The next image used was a letter A as shown above (left figure). The Fourier transform (center) has an X and a vertical line. The X line corresponds to the orientation of the legs of A while the vertical line corresponds to the general orientation of the letter (i.e. if the letter is rotated 90 degrees, the Fourier transform would have a horizontal line instead of vertical). The last image (right) is the fft of the fft of the image. It is inverted because a forward fft was used instead of the inverse fft.

The next activity was to get the convolution of an image with a circle. We used the word VIP as the image and I used the circles I used above.

Since convolution is like mixing the images together, we can see that the larger the aperture (circle) the clearer the object. This happens because the Fourier transform of a small aperture produces more airy disc therefore contributing more to the final image.

To find identical patterns, we used correlation. This was done by multiplying element wise the conjugate of the Fourier transform of the text image (left) with the Fourier transform of the pattern that we wanted to find, in this case the letter A (middle figure). The resulting image (right) have a maximum (white) where the letter A appears in the text.

The concept used in correlation was modified to find edges in images. I used a horizontal, vertical, and spot pattern.
The detected edges mostly follows the pattern used. For the horizontal pattern (left) the convolve image has mostly horizontal edges, the vertical has mostly vertical edges, and the spot pattern detects both horizontal and vertical edges.

For this activity, I give myself a grade of 10 because I did the activity properly and independently.

Physical Measurements from Discrete Fourier Transforms

In this activity, we examined the Fourier transforms of signals. The first signal used was a 1-D sinusoidal function. The sine function and its Fourier transform is shown below.

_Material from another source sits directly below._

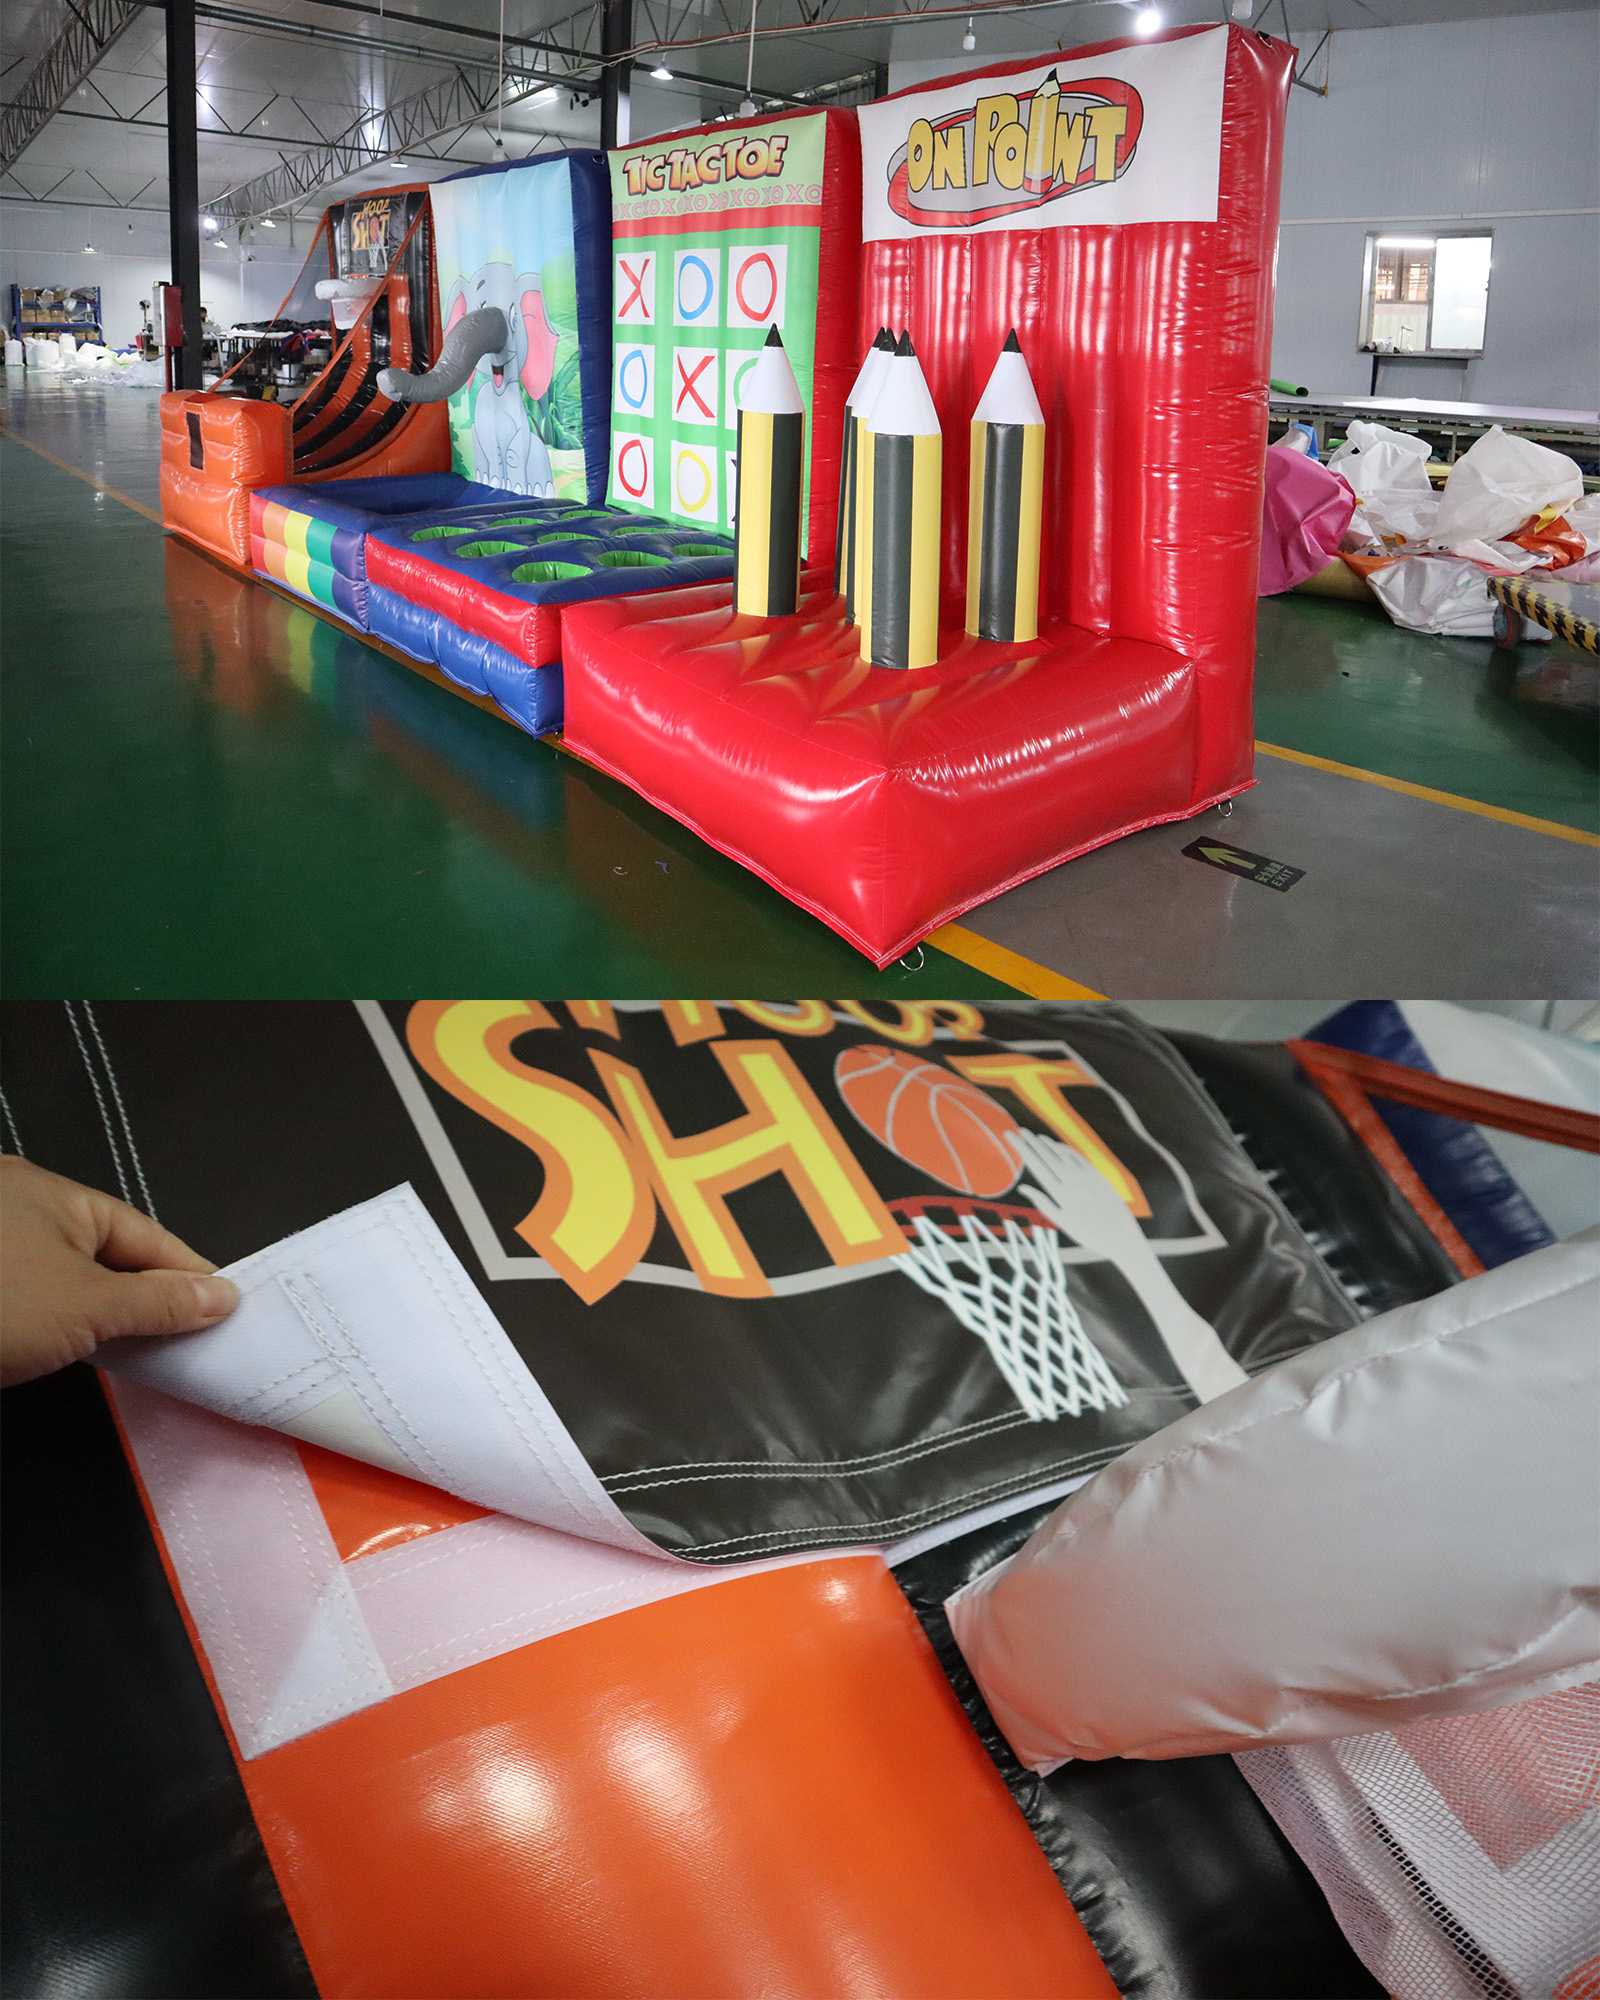  inflatable new carnival games for sales with oxford fabric light material

To get a Fourier transform of an image, we just need to use the 2-D form of the DFT. Since the magnitude of the Fourier transform contains most of the geometric information of the spatial domain image, it was displayed as the final image.

To accurately measure the FT of a fluorescent bulb, which flickers at around 120Hz, we need at least dt = 1/240 sec. This was obtained using the Nyquist formula, fmax = 1/(2*dt), where fmax is the maximum frequency the FT can detect without aliasing. So setting fmax = 120Hz, we get dt = 1/240 sec.

Effects of N and dt in the frequency domain.
The discrete frequency steps (df) in the frequency domain is given by df = (2*fmax)/N. So if N is increased, the frequency domain would be much more sensitive to small frequencies and it would be more accurate since there is a smaller frequency samples.
From the plots obtained(left: N = 256, right N = 1024), it can be seen that higher N results in a more accurate(narrower) value in the frequency domain. Although both peaks at 5, which is the frequency of the signal used, with N = 256, the plot range is 4.5-5.5 while with N = 1024, it is 4.9-5.1.
Combining the Nyquist theorem with the discrete frequency equation, we get df = 1/(dt*N). So as dt approaches 0, df approaches infinity. Therefore, I expect that decreasing dt would result in a less accurate(broader) frequency plot.
The plots obtained(left: dt = 2/256, right: dt = 2/64) shows that the expected results were correct.

For this activity, I give myself a grade of 10 since I performed all of the required activities.